**SOURCE INFORMATION:**
═══
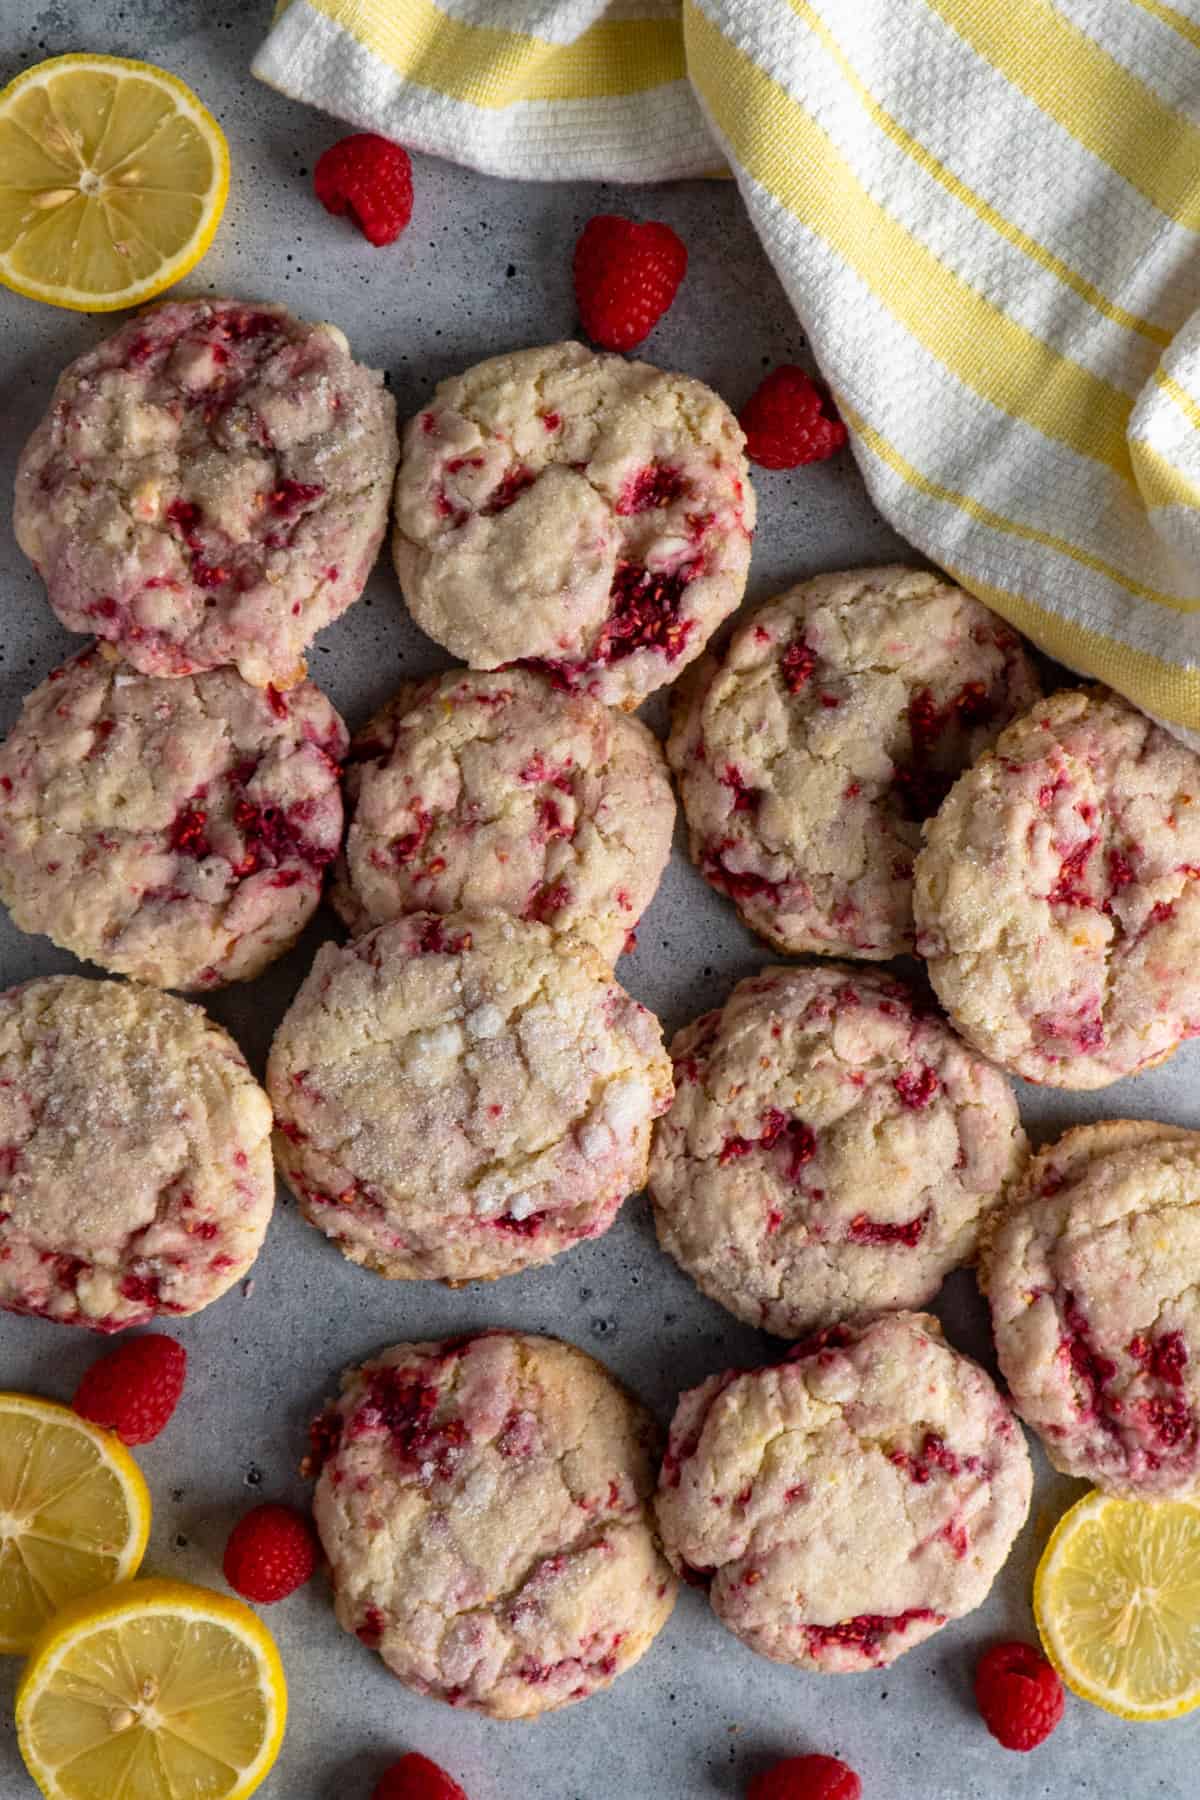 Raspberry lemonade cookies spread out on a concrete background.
═══
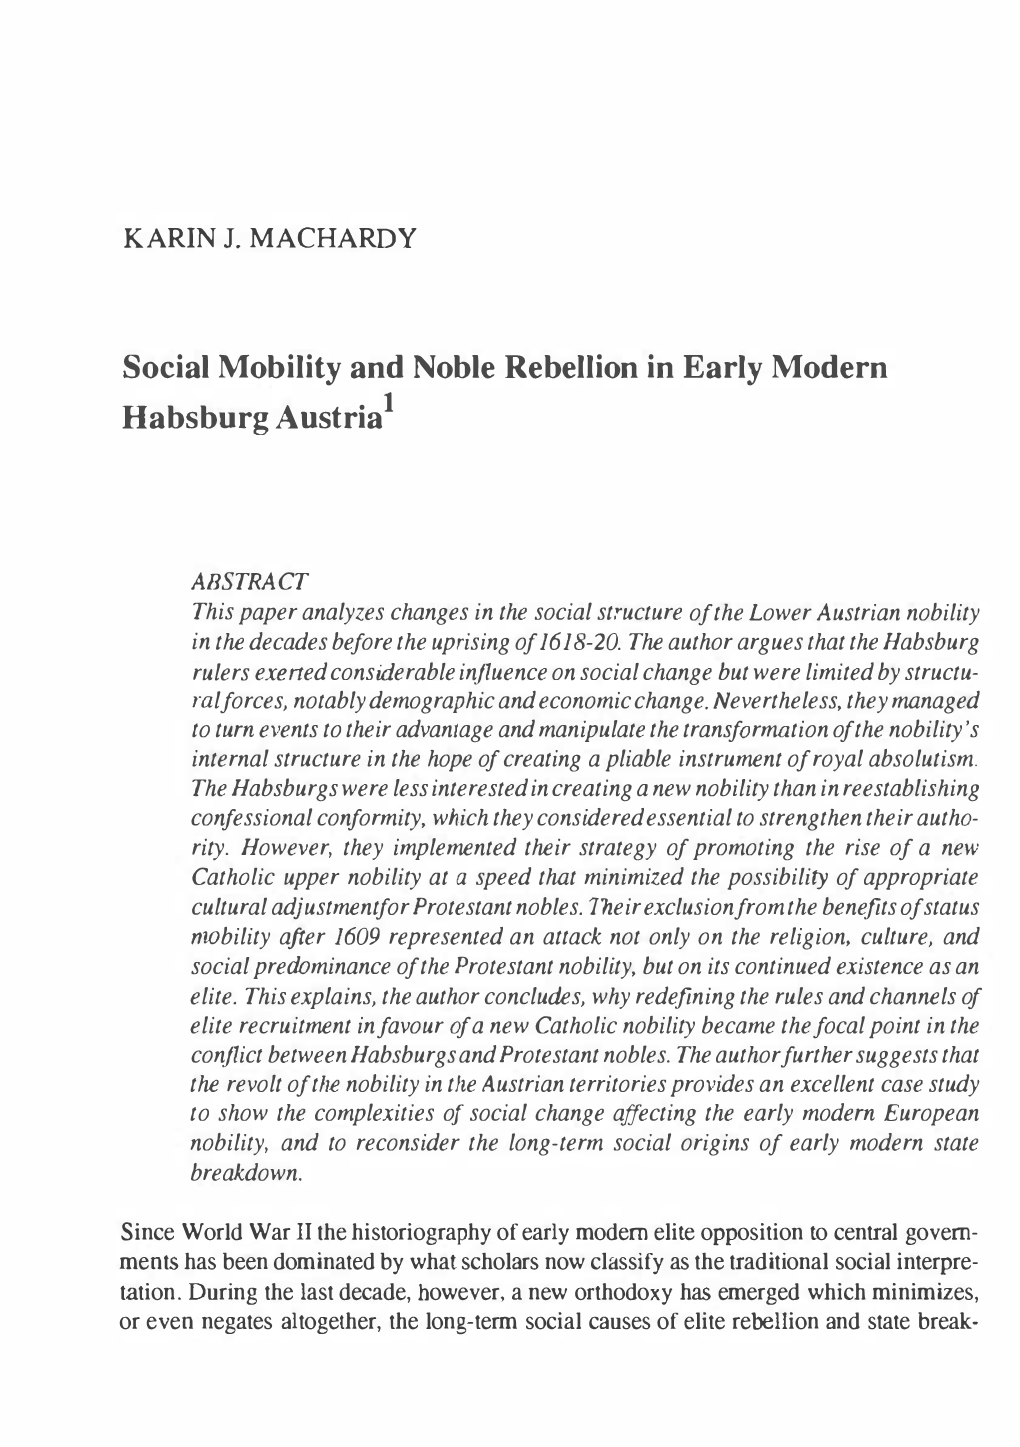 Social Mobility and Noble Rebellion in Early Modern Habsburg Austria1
═══
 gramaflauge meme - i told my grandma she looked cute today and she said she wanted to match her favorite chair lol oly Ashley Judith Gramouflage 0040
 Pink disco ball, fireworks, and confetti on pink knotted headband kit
═══
**DIRECTIONS:** Copy exactly the stretch of data above from the line with "gramaflauge meme - i" through the line with "Pink disco ball, fireworks, and", and omit all other lines.

**SOLVED EXERCISE:**
 gramaflauge meme - i told my grandma she looked cute today and she said she wanted to match her favorite chair lol oly Ashley Judith Gramouflage 0040
 Pink disco ball, fireworks, and confetti on pink knotted headband kit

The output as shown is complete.